Stress is an inevitable life experience that causes disturbances to body homeostasis and different organs and systems, including the central nervous system (Linthorst and Reul, 2008). Acute stress has a positive impact on the body. However, repeated and long term stress stimulation is harmful, often resulting in varying degrees of injuries to each organ and leading to negative effects on body function and metabolism (Hetz, 2012). Previous studies have shown that prolonged stress is a critical risk factor for the onset of several neuropsychiatric disorders, such as anxiety, major depression, and other neurodegenerative diseases (Goldstein, 2011). Animal models are one of the most efficient ways to identify and study the underlying mechanisms of the effects of stress on the body. In the present study, the rat were exposed to restraint and ice-water swimming for a maximum of 21 days to mimic human characteristics of chronic psychological frustration and physiological stress and to determine the effects of stress on body function.

When the body is exposed to a variety of stimuli, the HPA axis becomes stimulated and ultimately releases large amounts of glucocorticoid from the adrenal cortex in response to external stimuli. Glucocorticoid levels are a good indicator of the body's ability to resist external stress. The present study demonstrated that prolonged stress exposure resulted in significantly increased serum glucocorticoid levels, suggesting an increased defense capability to external stimuli by regulating the HPA axis and ultimately maintaining homeostasis. Numerous studies have indicated that glucocorticoids play a critical role in maintaining cardiovascular stability, stabilizing lysosomal membranes, anti-inflammation, anti-shock mechanisms, and reducing bacterial endotoxin damage (Kasahara et al., 2015; Kadmiel et al., 2016). However, by increasing the stress period to 21 days, serum glucocorticoid levels significantly decreased compared with stress exposure of 14 days. This suggested that repeated and long term stress exceeded the body's ability to regulate and resist injuries, which may cause pathological changes in tissue and cells.

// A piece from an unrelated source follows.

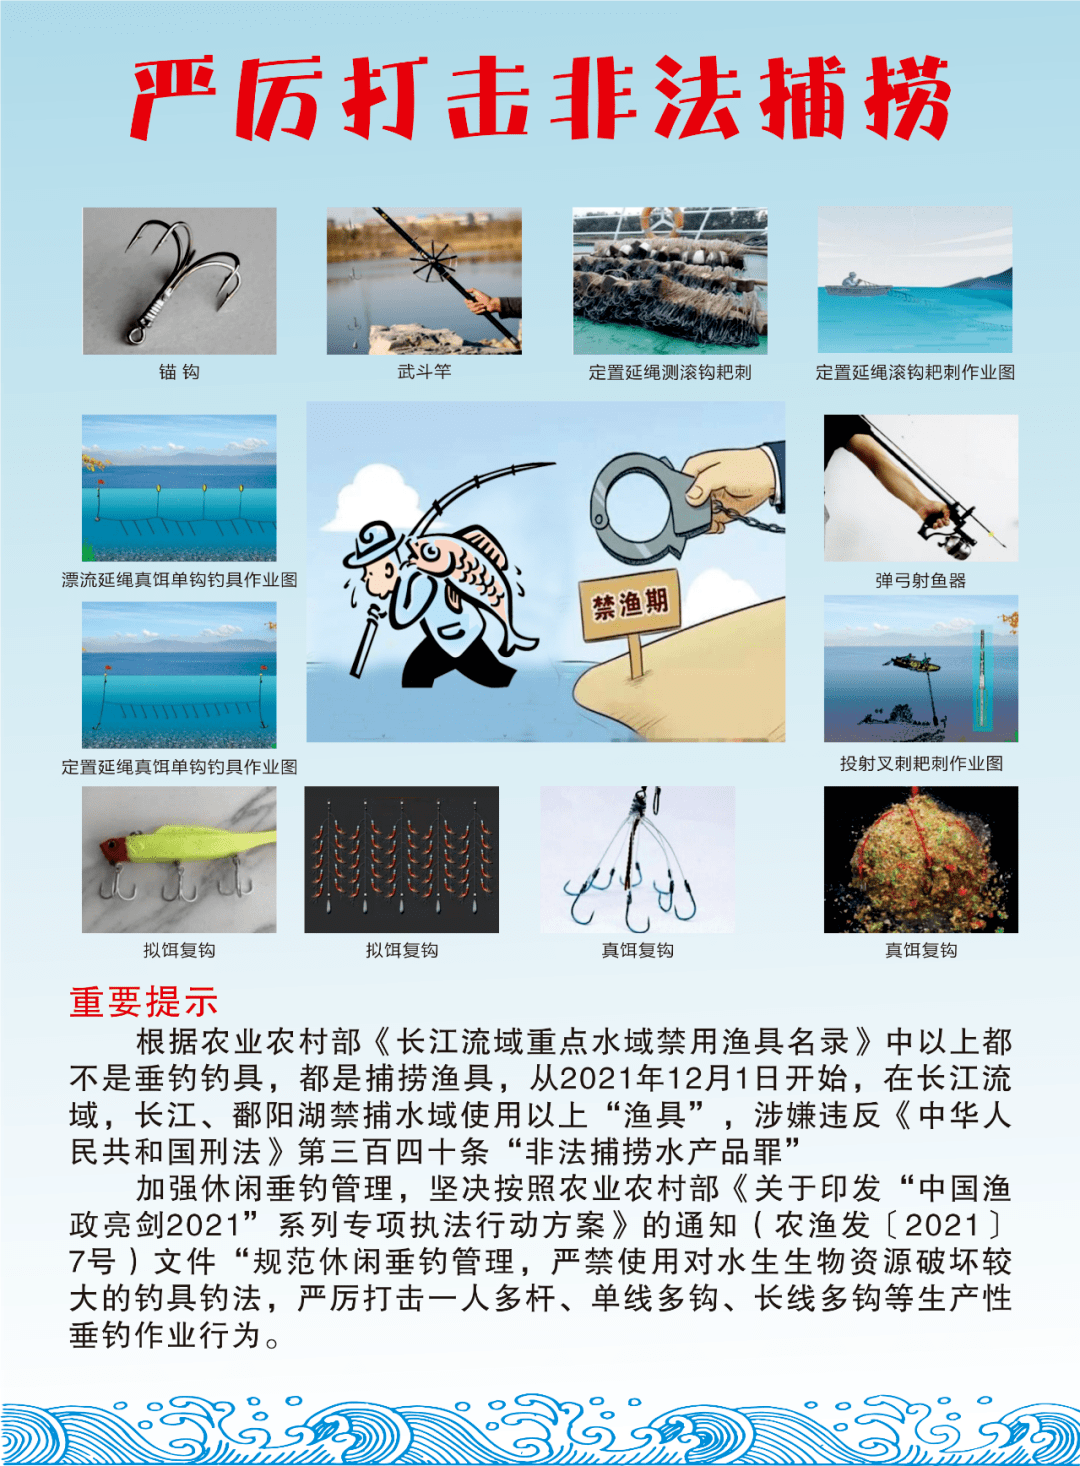 《农业农村部关于发布长江流域重点水域禁用渔具名录的通告》2021年12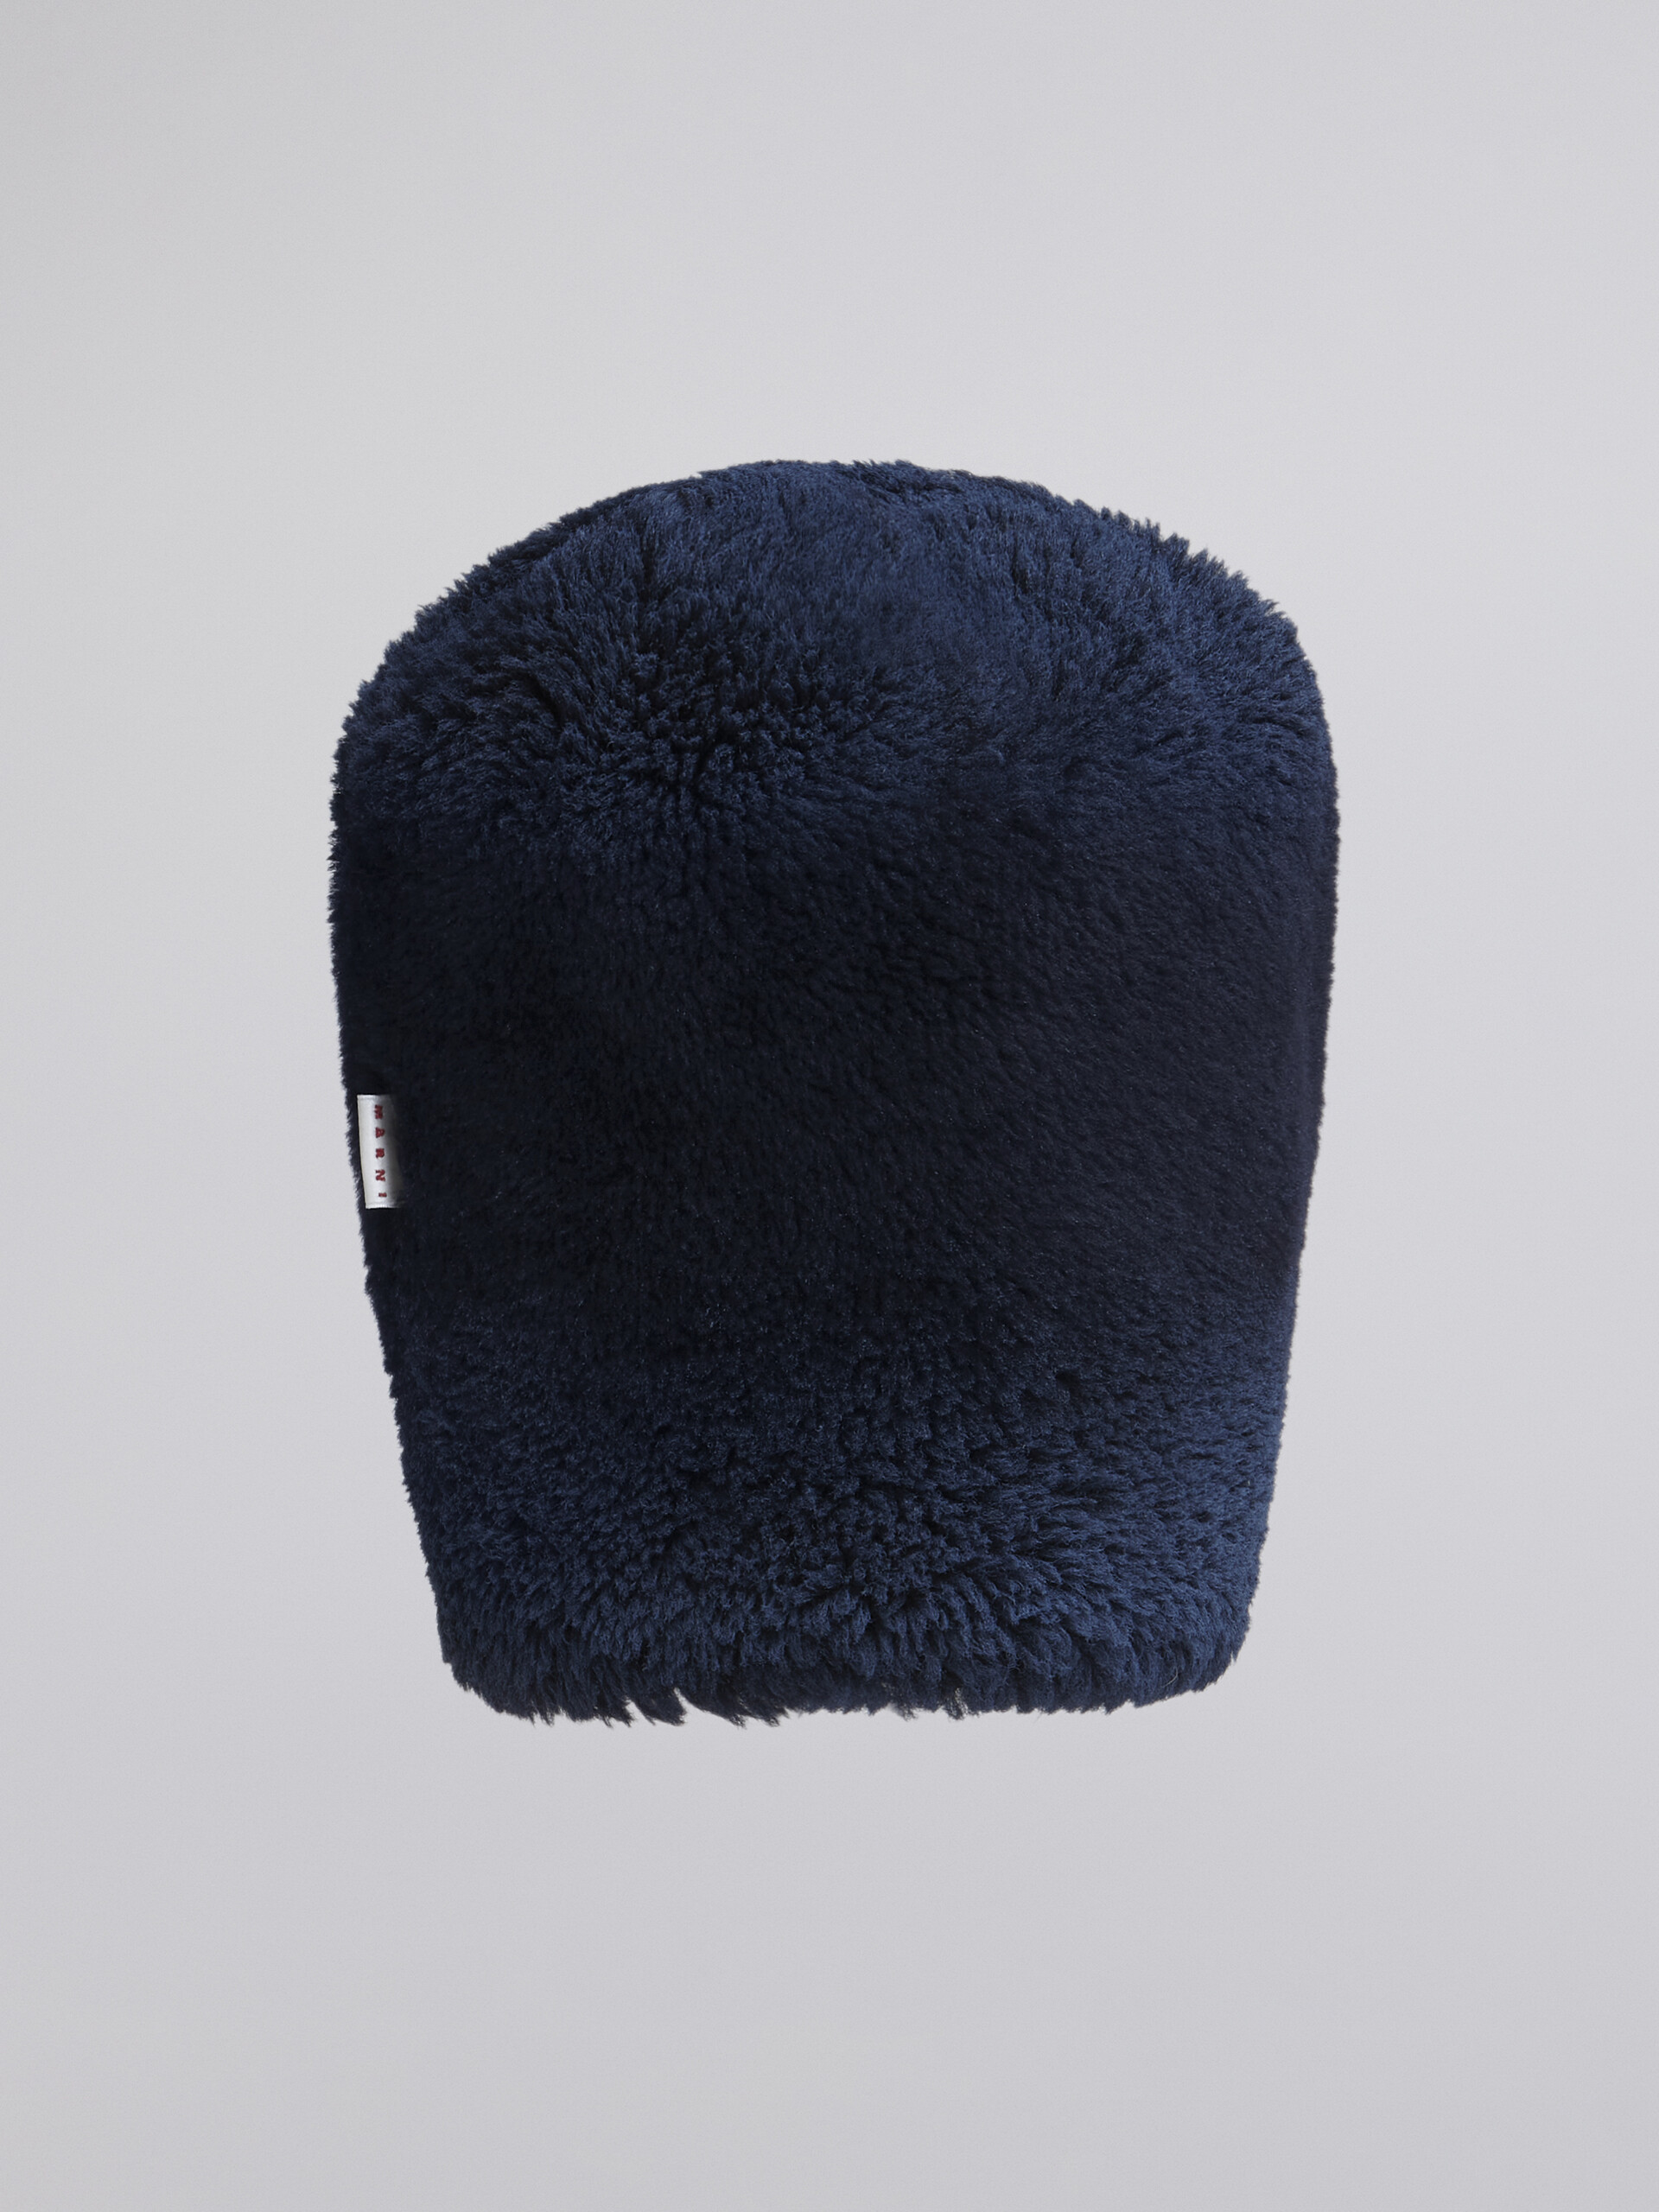 Mütze aus Shearling mit gespritzten, farblich abgestimmten Streifen - Hüte - Image 2

Accordingly, thionine staining revealed morphological changes in hypothalamic neurons. These results demonstrated that prolonged stress exposure resulted in reduced Nissl bodies in hypothalamic neurons and pyknotic neurons in the RS+IS group at 14 and 21 days.

The neuron-specific marker, NeuN, was used to label and quantify hypothalamic neurons. Results showed that long term stress exposure contributed to a decreased number of hypothalamic neurons, suggesting that with increasing periods of stress exposure, hypothalamic neurons exhibit pathological changes and injury, which likely contributes to disordered HPA axis functions and a weakened body resistance.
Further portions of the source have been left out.